Among the many scientists who have made remarkable research attempts in this regard, there is 1976 Nobel laureate Prof. William N. Lipscomb, who predicted the possibility of a molecule with 32 boron atoms and an icosahedral structure resembling a buckyball shape. In 2004, experts with Yale University synthesized the first pure boron single-wall nanotube in the world. By April 2007, Prof. Yakobson and coworkers at Rice University had envisioned the existence and stability of another buckyball, B80, a hollow spheric cage consisting of 60 boron atoms at corner and an additional one in the center of each hexagon to increase the stability. Recent theoretical studies conducted respectively at Yale and Tsinghua brought about the prediction of new boron sheets and nanotubes.

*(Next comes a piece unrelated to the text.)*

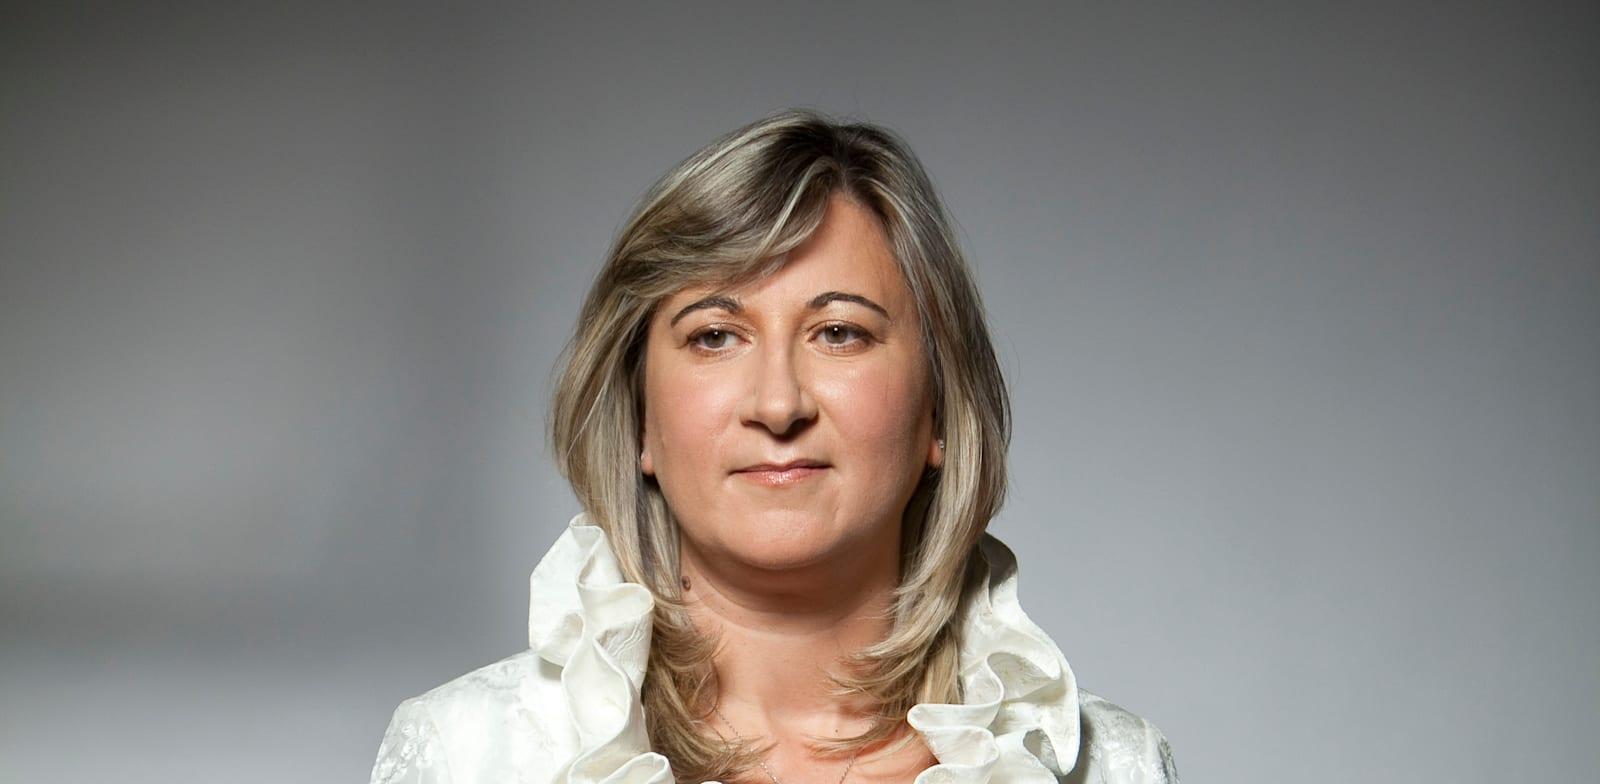 זהבית כהן, מנכלית אייפקס / צילום: רמי זרנגר
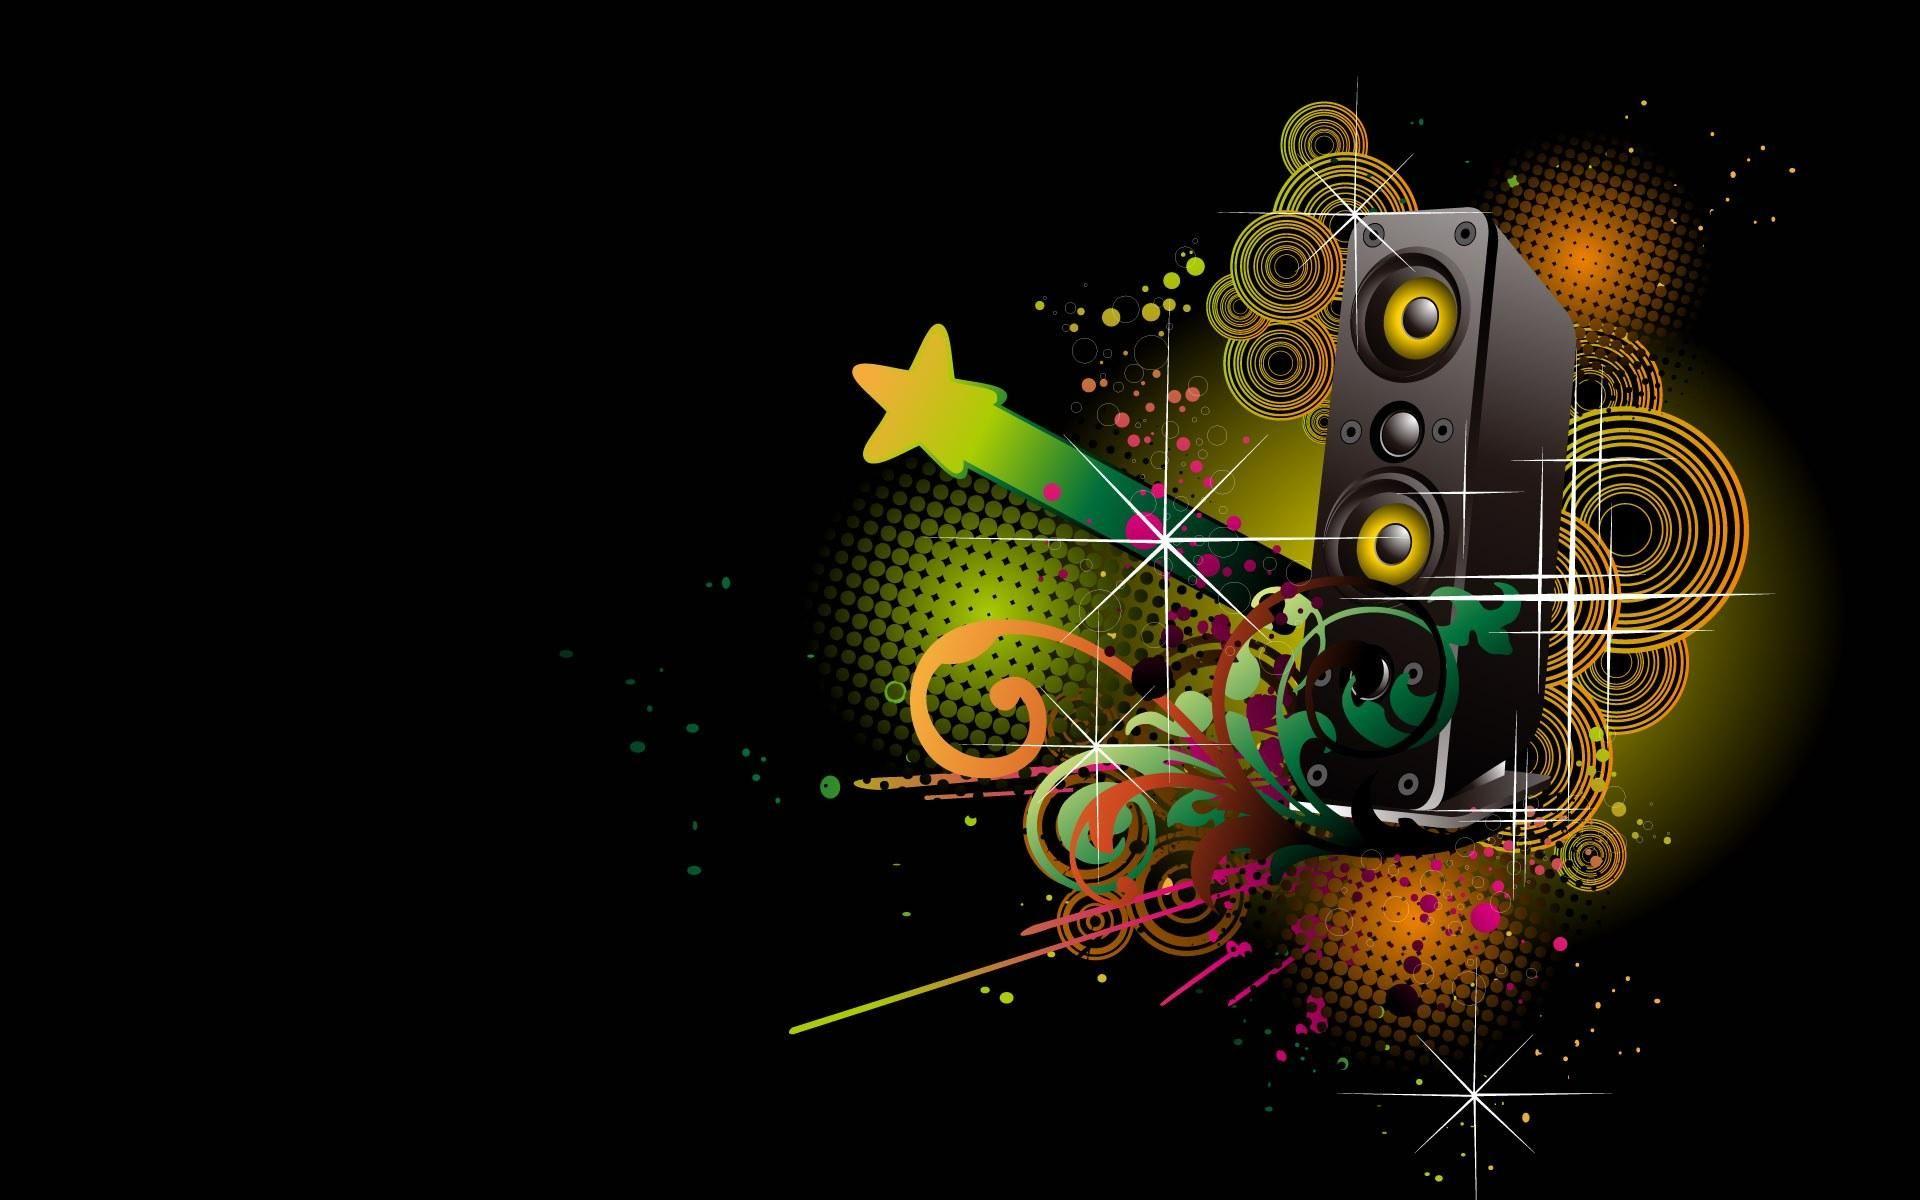 Speaker Music Wallpaper Http 69hdwallpapers Com Speaker Music Wallpaper Wallpaper Musik Wallpaper Seni Wallpaper Abstrak

Based on previous studies, Su's group was devoted to revealing a general scheme for building boron fullerenes. They finally worked out a formula that can derive a large family of new-type fullerenes with outstanding stability. According to the paper, the formula takes the form of "B 32+8k", where "k" can be zero or any counting number. That is to say, theoretically, scientists can develop an unlimited number of structures like B32, B40¡ and so on and so forth, well including the one envisioned by Yakobson. The newly predicted boron sheets, researchers analyzed, could be regarded as an extreme case of the scheme where "k" goes infinite. They call the series S-boron fullerenes, since these buckyballs contain basic building blocks that look like snowdrop motifs.
The researchers then studied the stabilities of these boron fullerenes. With intense ab initio calculations, they proposed an electron counting rule as well as an isolated hollow rule to readily explain high stability and electronic bonding property of the novel structures. Analyses showed that the electronic bonding property was also applicable to a number of newly predicted sheets and nanotubes.
The study by Prof. Su and his colleagues, experts believe, has set up a general framework for the construction and property study of novel boron nanostructures. Meanwhile, it might shed light on the possibility of similar structures built with elements other than carbon and boron.
Now, have you come up with the exact number of corners and edges of a football? Anyway, it has 60 corners and 90 edges.